WE would Light a fatty park in an empty parking lot and turn up the subwoofer ... and fucking pretend like we could battle rap those lyrics rough riders.

Then later when I was in the military and made more friends from other parts of the country... Going to the dorms for a party or to base housing for a house party... kicking DMX on the Quality CD Boom Box... *does anyone use CD's anymore???... was never a question. 


Anyway... I'm all for respecting everyone and following the rules... 

I only comment... cuz I had good times rolling in that Jeep Doing Ear damage with DB's off Crazy Volume... and Well... I continue to live in a changing world that I'm always marveled has not yet completely fallen into chaos.


----------



## Odin (Apr 18, 2020)

For anyone that is not familiar...


----------



## Barf (Apr 20, 2020)

I got all excited when I first glanced at the thread title.

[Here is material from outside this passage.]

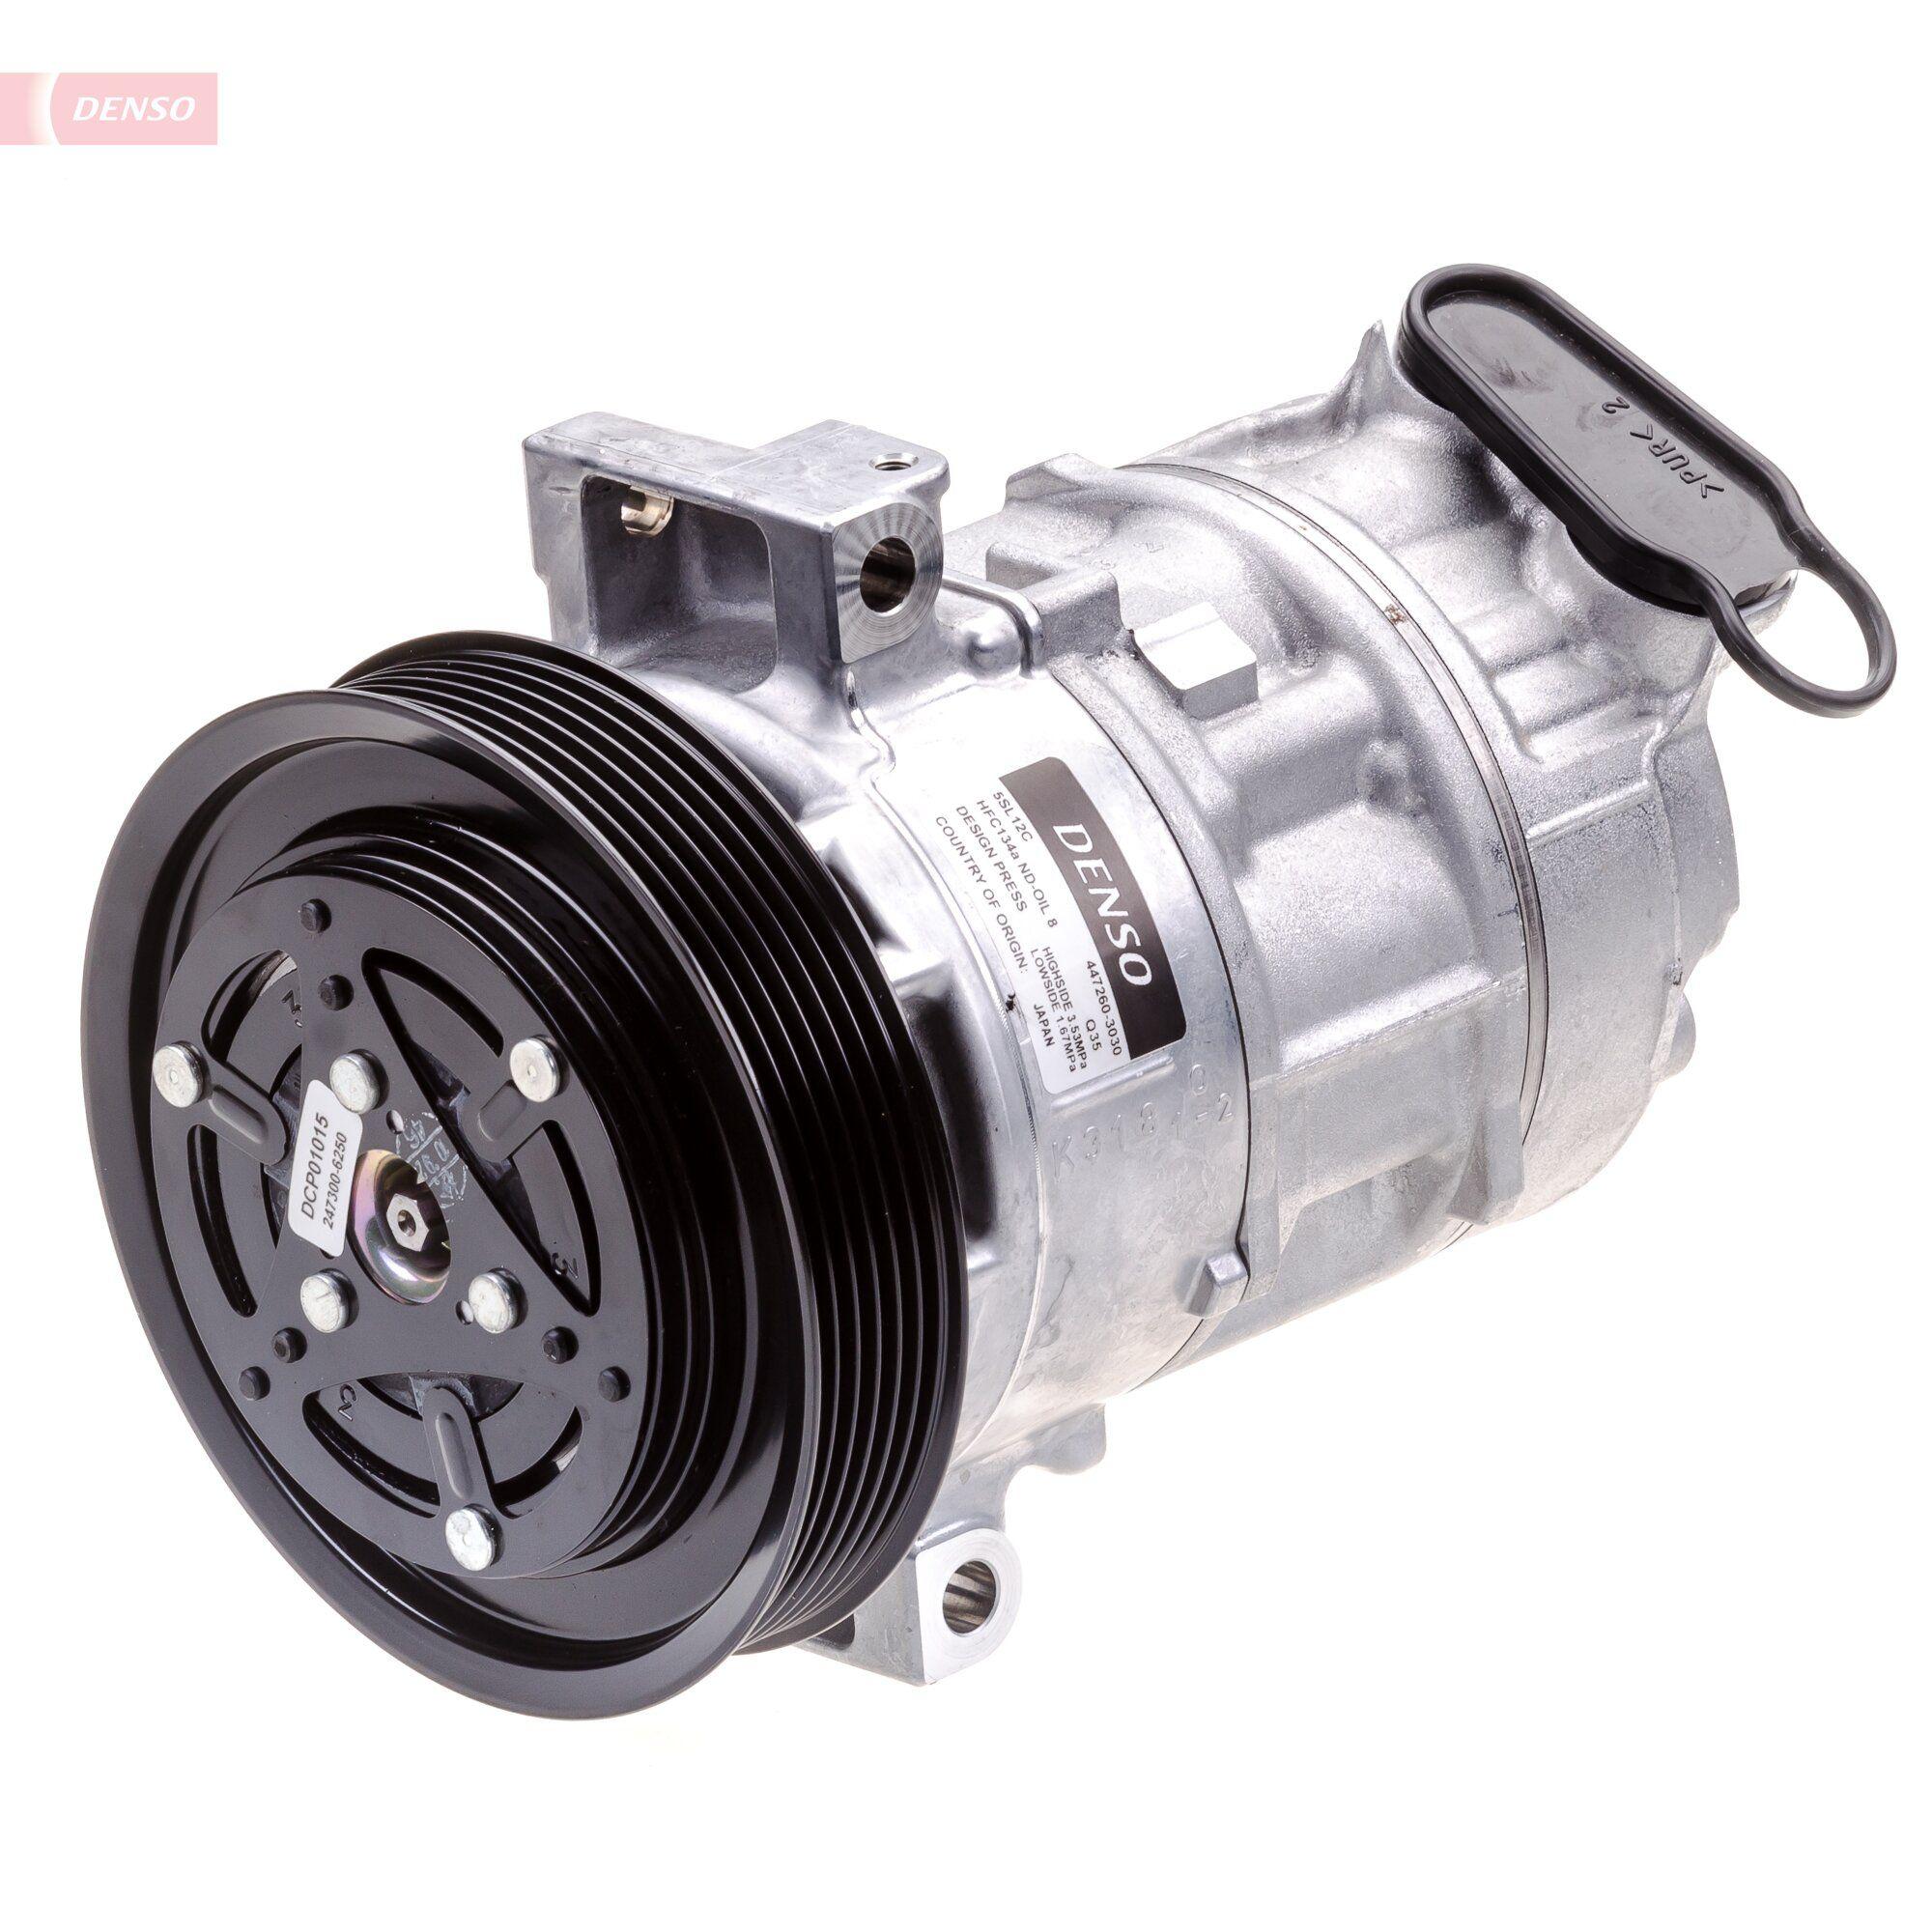 Kompressor Klimaanlage DENSO DCP01015

Thought I was gunna get to share some cough syrup stories.

Once I did so much dxm I was able to see with my eyes closed.

Also, on that same trip, I'm pretty sure I didn't pee for a day at least.

Had a horrible syrup hangover the next day.


----------



## Barf (Apr 20, 2020)

@Odin 

Exit Wounds for the win


----------



## Odin (Apr 20, 2020)

Barf said:


> Thought I was gunna get to share some cough syrup stories.




After Boot camp in upper Texas I believe we called that ROBO-TRIPPIN. ::borg::

Combined with Whippets A real stupid time in the dorms... :ompus::

That is until we could get off base with someone over 21 and get some Jose Cuervo. :layful::


----------